### WHAT THIS TASK INVOLVES
Using the listing below, print the line containing "Dock with Pergola on Lake", the line containing "Gróf Teleki Pál", and each line between them, exactly and nothing else. Pictures stay out of the print.

### RECORDS SHOWN

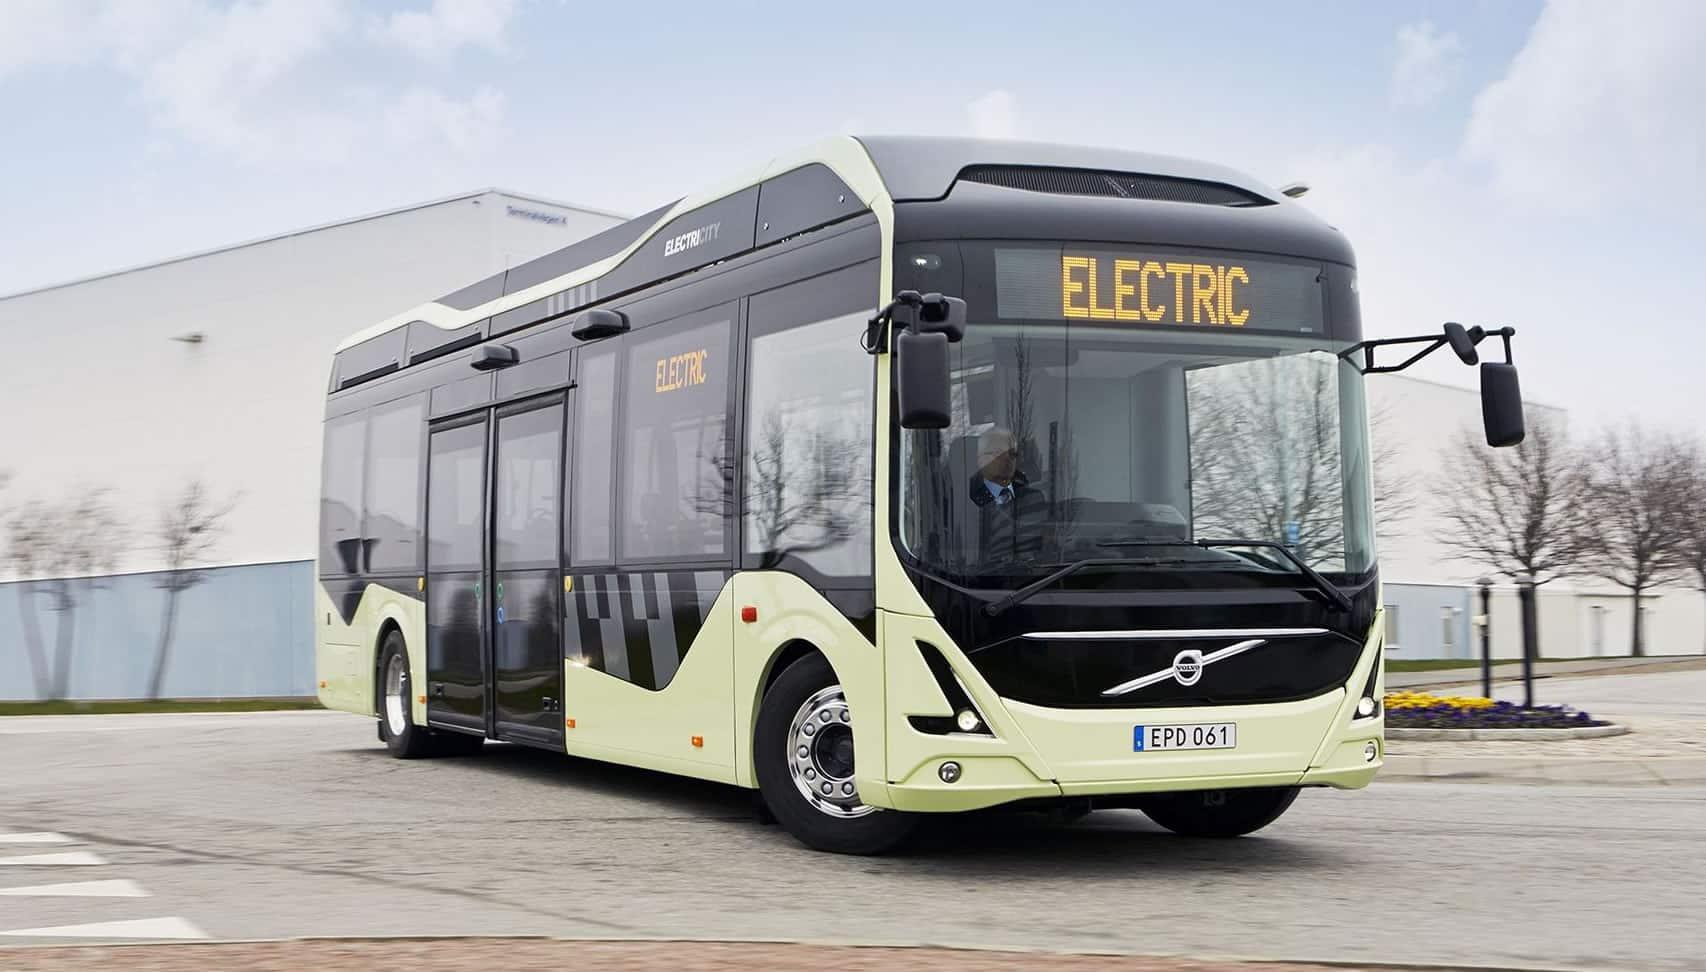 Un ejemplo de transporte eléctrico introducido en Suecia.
--
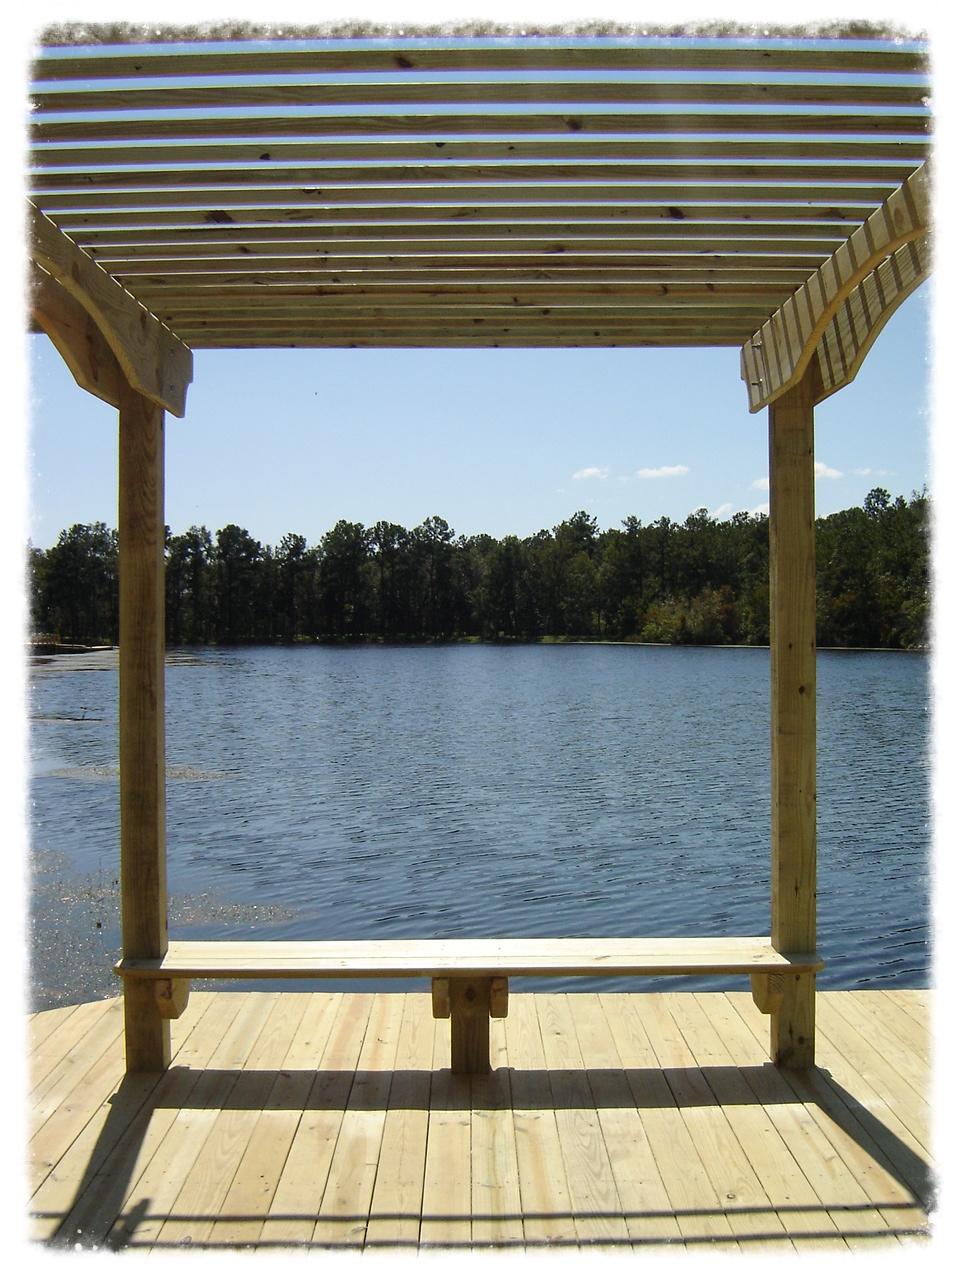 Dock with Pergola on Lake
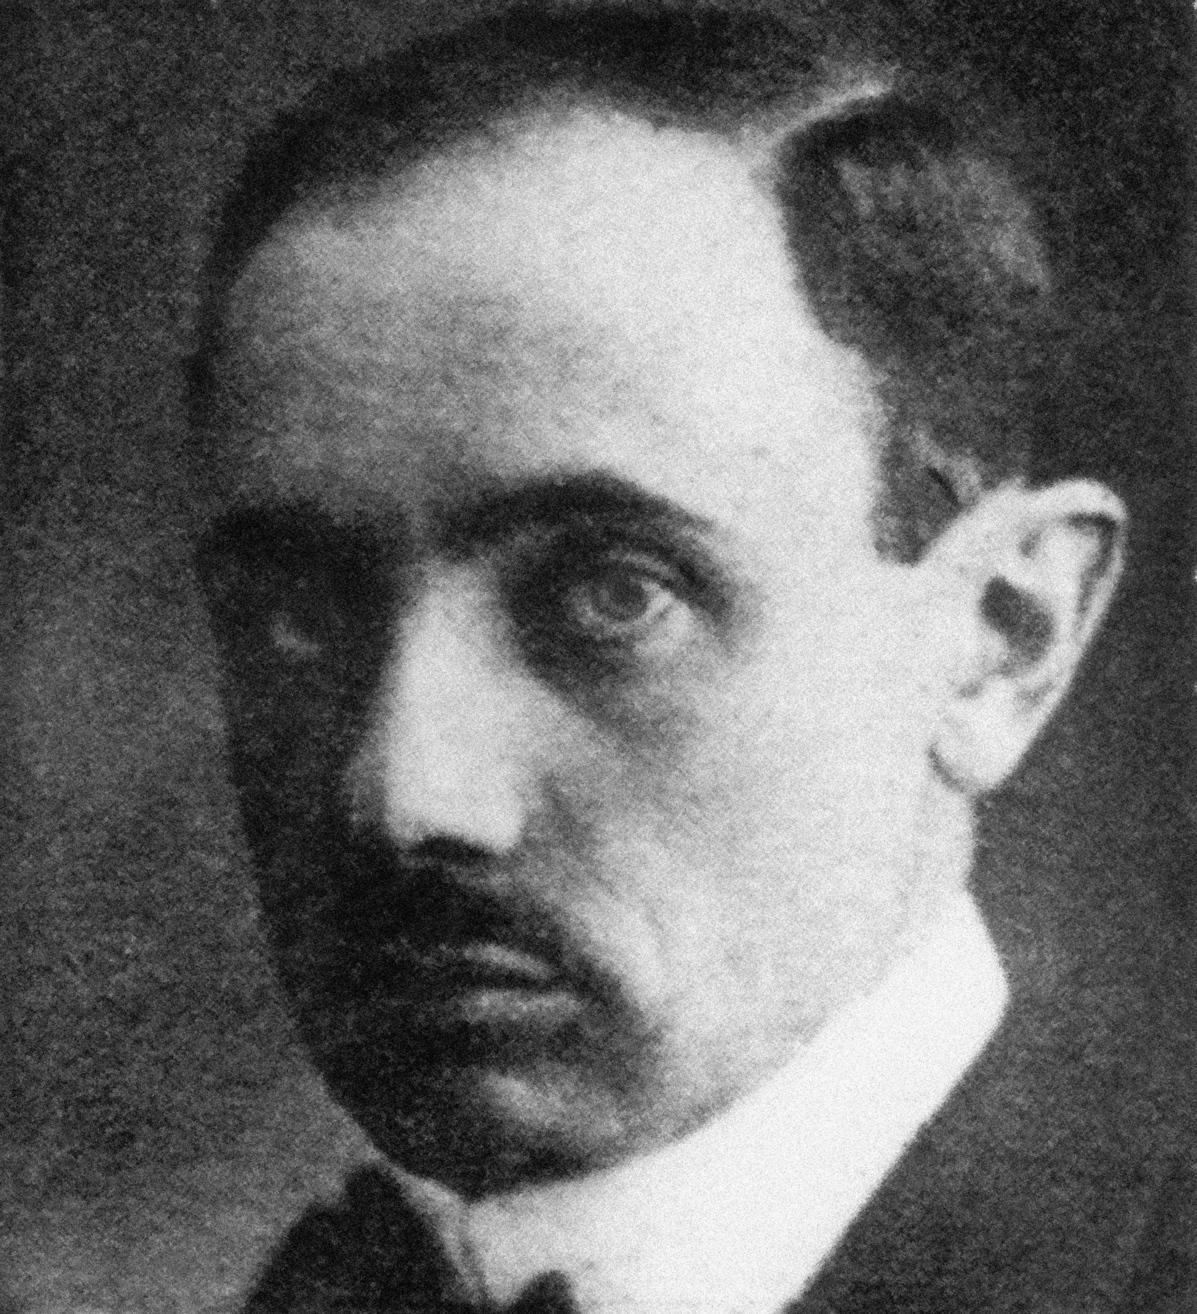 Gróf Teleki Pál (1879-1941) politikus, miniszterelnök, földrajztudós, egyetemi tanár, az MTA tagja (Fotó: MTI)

### RESULT OF THIS TASK
 Dock with Pergola on Lake
 Gróf Teleki Pál (1879-1941) politikus, miniszterelnök, földrajztudós, egyetemi tanár, az MTA tagja (Fotó: MTI)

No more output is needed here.